While de-identification by removing explicit identifiers is the first step that we take towards the privacy protection, we consider the cases when the approach may fail to provide the sufficient level of protection specifically when records associated to the individuals contain characteristics or combinations of characteristics that are rare if not unique and make them identifiable even in the large crowds and even in the cases when data query responses are restricted to aggregate statistical results only.

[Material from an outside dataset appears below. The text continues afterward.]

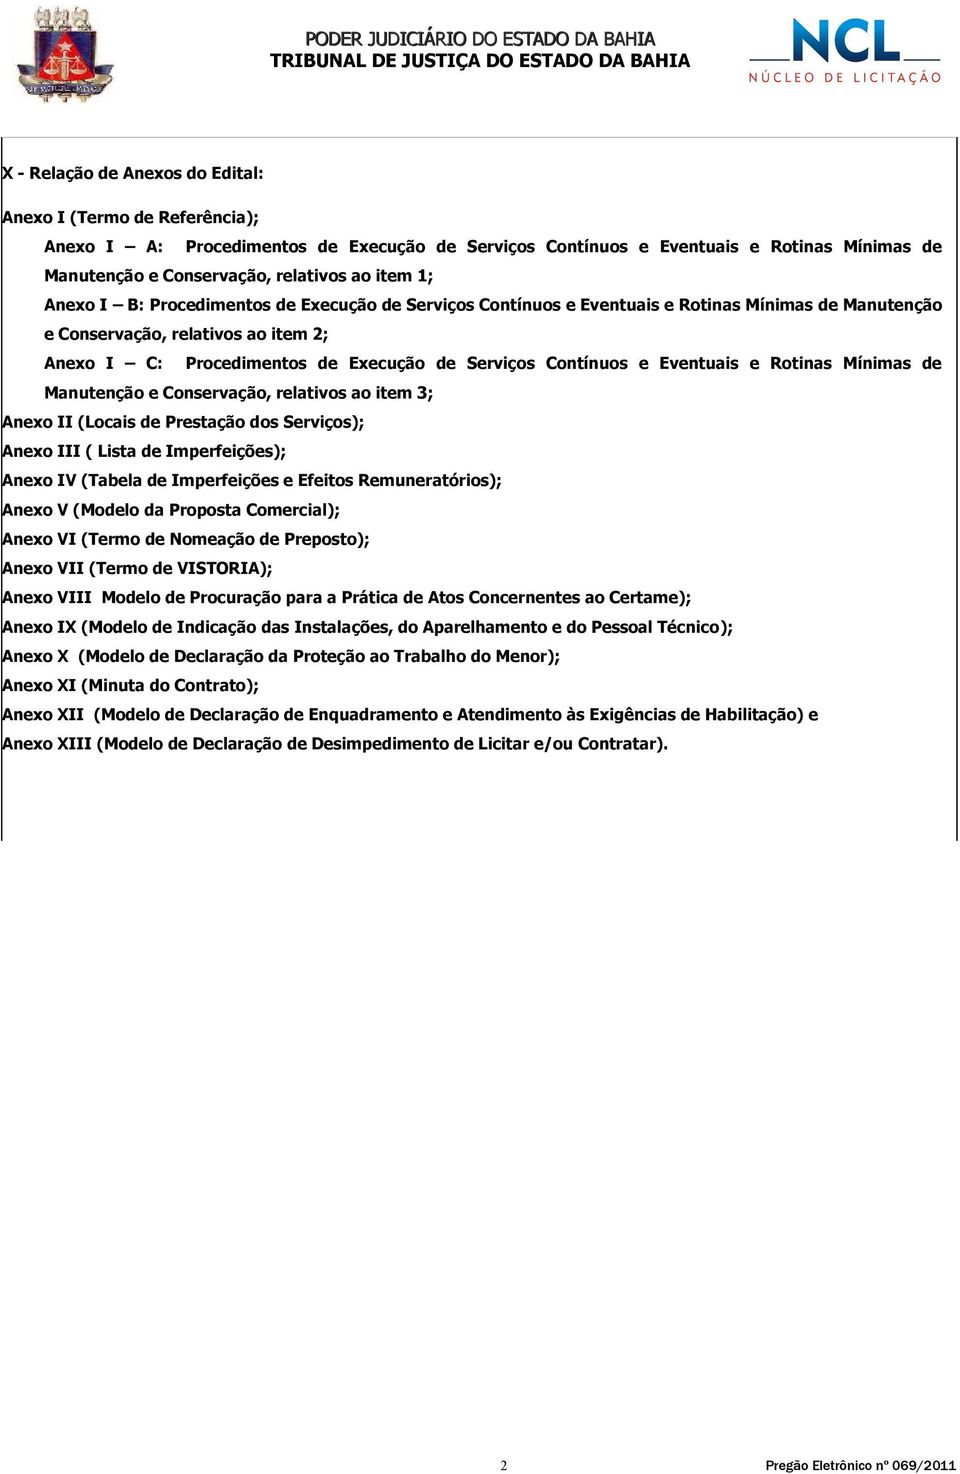 Contínuos e Eventuais e Rotinas Mínimas de Manutenção e Conservação, relativos ao item 3; Anexo II (Locais de Prestação dos Serviços); Anexo III ( Lista de Imperfeições); Anexo IV (Tabela de

CanDIG provides an additional layer of privacy that enable to perform different data analyses in a privacy-preserving way. CanDig does that by the implementing the notion of differential privacy. That is, to learn as much as possible about a group while learning the minimum possible at the individual-level.

With differential privacy, a data user can perform analyses collectively over the available data in a way that lets him glean useful notions about the associated group of individuals as a whole. But anything about a single, specific one of those participants can’t be learned.

CanDIG implements the extension of differential privacy in two ways. First, it facilitates the choice of ε in a more meaningful way thereby simplifying the application of differential privacy in practice. Second, it supports privacy-preserving data analyses in distributed settings. This is an important requirement in modern biomedicine research since data collected at one site are usually sparse and insufficient to draw significantly reliable scientific conclusions. CanDIG ensures that the required level of privacy be achieved when analysis be performed collectily over the data partitions residing distributively.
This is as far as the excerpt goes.